Throughout the series, the women of Sex and the City were presented with dozens, if not hundreds of men, who were superficially reasonable propositions that would have neatly fitted Gottlieb’s standard of marriageability.
But, at some point in the narrative arc of each episode, a flaw in each of these sundry bankers, artists, doctors, designers, bartenders and models would be revealed; an incompatibility or an underlying tension. Cue a cocktail and several conversations and these women would inevitably come to the conclusion that they did not need these men in their lives, for anything.

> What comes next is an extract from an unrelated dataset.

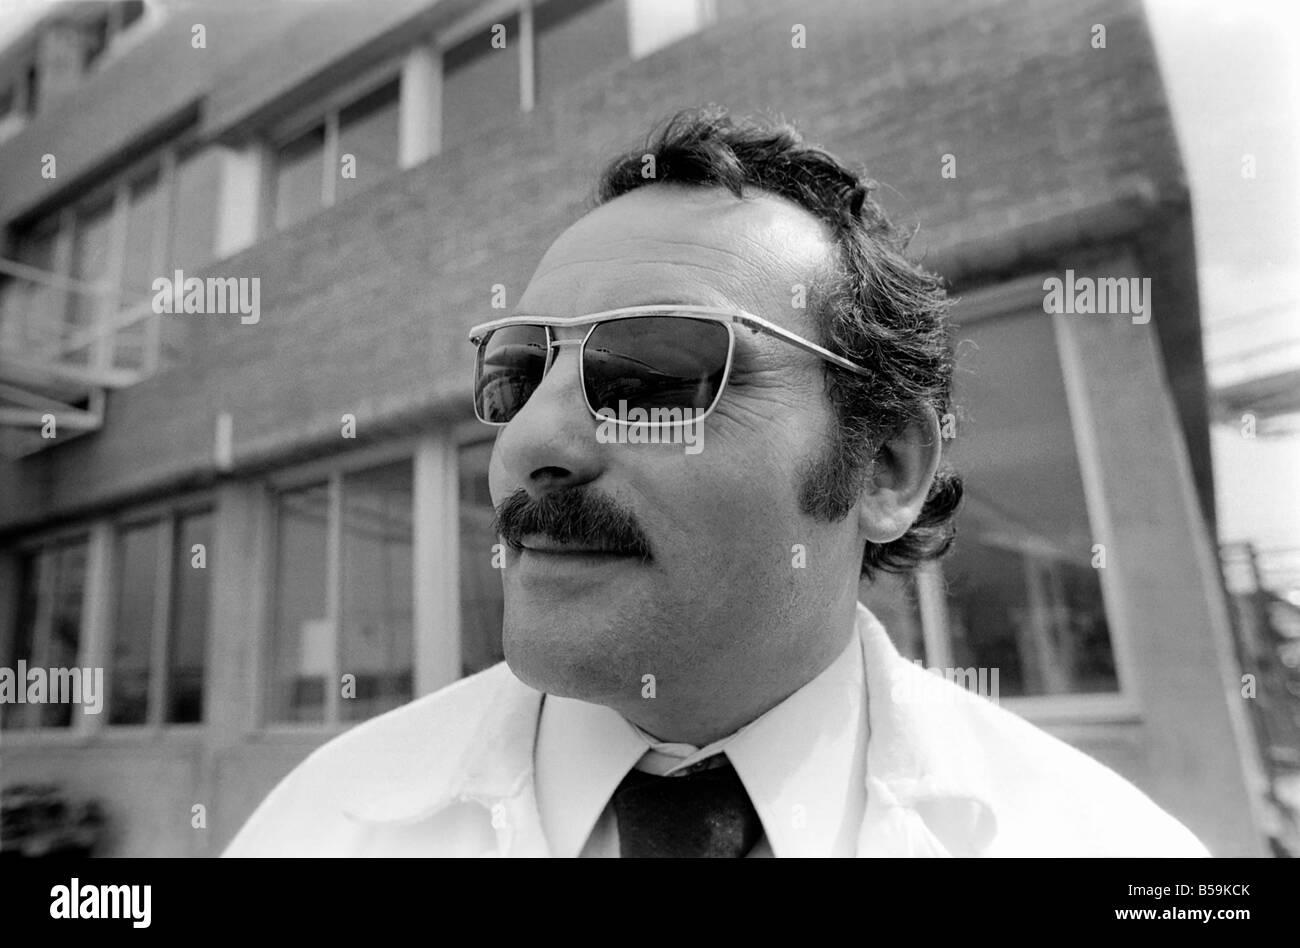 Mr. Irene Quaranta aged 39 with reflection of Concorde aircraft in his spectacles. &#13;&#10;April 1975 &#13;&#10;75-2072-019 Stock Photo

Throughout the series they refused to trade their independence for financial or emotional security, instead presenting the audience with a template of self-sufficiency and pride in their ability to take of their own needs. (ALL of their own needs- remember the episode with Charlotte and the Rabbit?)
The four women of Sex and the City held onto their freedom, their self-respect and their Manolos and for that, well I may not fork out to see the movie, but I will raise a vodka tonic to them for offering a fabulous reminder of why women should not settle.